I love this idea of saints being in relationship with us.

It seems, at best, a bit goofy. At worst, rather cultic. But as devout, Jesus-loving Catholics will tell you, it is very much the reality of the Catholic life.

In a similar way to God chasing us down, pursuing us like a Hound of Heaven, because He loves us that much and wants to know us more—so too his most wonderful creations: the saints.

If, as Catholics believe, the intercession of the saints is real and they are in Heaven, eternally, with God right now then they can pray for us, they can help us, they can even, by God’s grace, interact in a kind of tangible way.
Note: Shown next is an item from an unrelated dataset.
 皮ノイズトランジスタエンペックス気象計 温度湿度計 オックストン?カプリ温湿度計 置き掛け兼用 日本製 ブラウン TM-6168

This isn’t magic; it’s the Communion of the Saints and it’s been the belief of the Christian Church since the very beginning.
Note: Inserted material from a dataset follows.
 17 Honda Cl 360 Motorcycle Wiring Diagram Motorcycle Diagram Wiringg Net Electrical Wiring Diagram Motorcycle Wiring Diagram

And, lately, I think I’m being stalked.

It began innocently enough with one particular saint meme that was being shared around Facebook. But then I encounter that same saint, again, in a book that I was reading. It was a completely unrelated topic, and I was surprised. And then, he popped up again on Twitter. And a friend wrote an article about him. And then a sister, in a community near our house, took her vows on the weekend and chose this saint as part of her new, religious name.

It wasn’t even his feast day, not even close, and he wasn’t an incredibly popular saint.

This was all a little odd.

Uncanny.

And then I got an e-mail.

It was an e-mail on a completely unconnected topic and I read it with interest until I got to the end. It was signed with the sender’s name, their job title, and where they worked.

And can you guess the name of their employer?

It was an official apostolate for the very same saint. A large centre, custodian to a number of his first-class relics.

Did this saint get so tired of trying to send me a sign that he, quite literally, sent someone who worked for him to get my attention?

I had to pick my jaw up off the floor.

I sucked in a very deep breath and closed my e-mail. I opened Facebook to double check the name and the employer and before I could type a thing my newsfeed loaded…

The saint.

Front a centre was a quote from a theologian friend of mine juxtaposed with a giant black and white picture of the very same saint.

It was like winning the lottery and going home to find a brand new car in your driveway too.

I decided it was official: I am being stalked.

And it’s kind of incredible.

See, if the saints are as alive as you and I except in the presence of God then they can take part in our lives in a kind of supernatural way. They can pray for us and, the Catholic Church affirms, live amongst us in this kind of a relationship. And this is exactly, I think, what the Church has in mind.

This particular saint is praying for me, and he is letting me know. He is rooting for me. There is something cooking up there, some good thing in store, and he is working hard to get my attention.

“Just you wait,” it feels like he’s saying, “Something good is coming your way. God has big plans.”

A kind of supernatural affirmation of God’s promises, I think.

And, of course, a hardened skeptic could dismiss it all as wild coincidence. You see what you want to see and filter out the rest. Or worse, it’s a demonic influence trying to steer my attention away from God and onto merely mortal humans. But, I don’t think so. Far from distracting, these tiny little coincidences (and big coincidences too!) are refocusing my attention on God’s divine plan. Like a poke in the side, a firework going off somewhere near by, these little interactions across the veil are causing me to sit up straight, to listen more carefully, to pay attention. What’s God doing here? What’s going on? What am I being shown?

Why does it feel like all of these interactions are leading me towards something incredible; reminding me to sit tight and listen closely? What is God drawing me closer for?

After all, in all ways and always, the saints are there to point us to Christ, to bring us closer to Christ. That was their goal in life and, it must, remain their goal in death too.